Current Status And Limits

Implemented

  • Combined .lf specification parsing.
  • Legacy split .l plus .y parsing for curated UCDT-derived regression fixtures.
  • Regex parsing, character-class partitioning, NFA-to-DFA construction, and DFA minimization.
  • LR(0), SLR, LALR(1), IELR(1), and canonical LR(1) parser-table construction with conflict reporting.
  • CLI commands: version, validate, inspect, and generate.
  • Optional CLI verbosity for validation, generation, automata decisions, and parser-table traces.
  • Named RHS labels, target-specific semantic type declarations, generated typed reducer contexts/adapters, and reducer coverage validation.
  • Deterministic langforge.actions.json, langforge.manifest.json, and langforge.tables.json files.
  • Example parity gates comparing grammar shape and action-manifest contracts across Go, C#, C, and C++.
  • Generated Go, C#, C, and C++ scanner/parser backends with UTF-8 checking, reducer hooks, semantic action IDs/enums, and token-source parsing.
  • Validation for empty-matching lexer rules, token/nonterminal name collisions, parser conflicts, invalid Unicode scalar ranges, and unsupported scanner settings.
  • Grammar-directed parser recovery with expected-token diagnostics and cross-target recovery APIs.
  • Language-grouped examples and copyable templates for Go, C#, C, and C++.

Planned

  • Additional source encodings beyond checked UTF-8.
  • More debug tracing and developer-facing automata explanations.
  • Optional AST helper generation.
  • Additional parity checks and reusable templates as the examples mature.

Compatibility Notes

  • LALR(1) is the default parser algorithm. SLR, IELR(1), and canonical LR(1) can be selected with %type slr, %type ielr, or %type canonical.
  • Scanners default to checked UTF-8 and sparse Unicode scalar ranges for the in-process engine plus generated Go, C#, C, and C++ output. See Scanner encoding architecture.
  • Pull-based token sources are the preferred production API. Older collection APIs such as Tokenize, All, Parse(tokens, ...), and target equivalents remain supported for tests, debugging, token reports, and simple examples.
  • Specs can use reducer callbacks with generated action IDs/enums across all targets. Go also has an advanced inline action mode for projects that need target-tagged semantic imports.
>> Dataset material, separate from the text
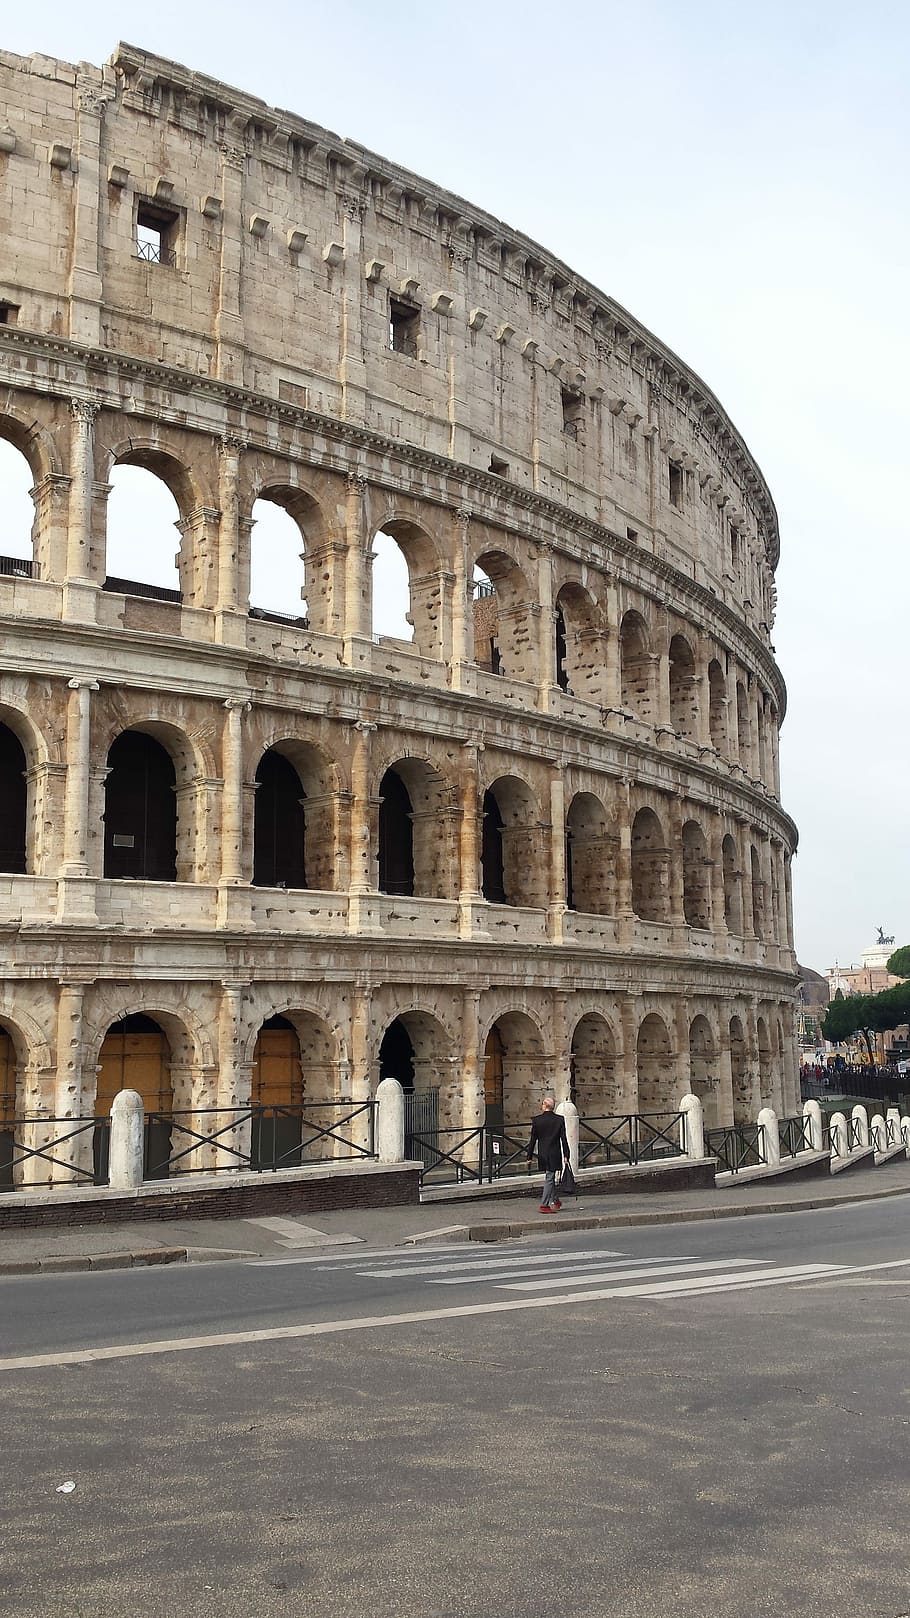 Colloseum, Rome, History, architecture, travel destinations, old ruin, ancient, arch, the past, built structure

Background / UCDT Inspiration

LangForge was inspired by the older Pascal UCDT project. UCDT is useful historical context and influenced the starting point, but LangForge is not trying to preserve DOS-era compatibility. The current design uses a target-neutral core, modern generated APIs, typed reducers, cross-target examples, and public documentation intended to work as compiler-learning material.

Agent Skills

Reusable Codex skills for LangForge live under skills:

  • langforge-spec-authoring for .lf and legacy .l/.y grammar work.
  • langforge-example-runner for generated example projects and demo runs.
  • langforge-project-steward for reviews, hardening, and project-memory updates when private notes are present.

License

LangForge is released under the MIT License.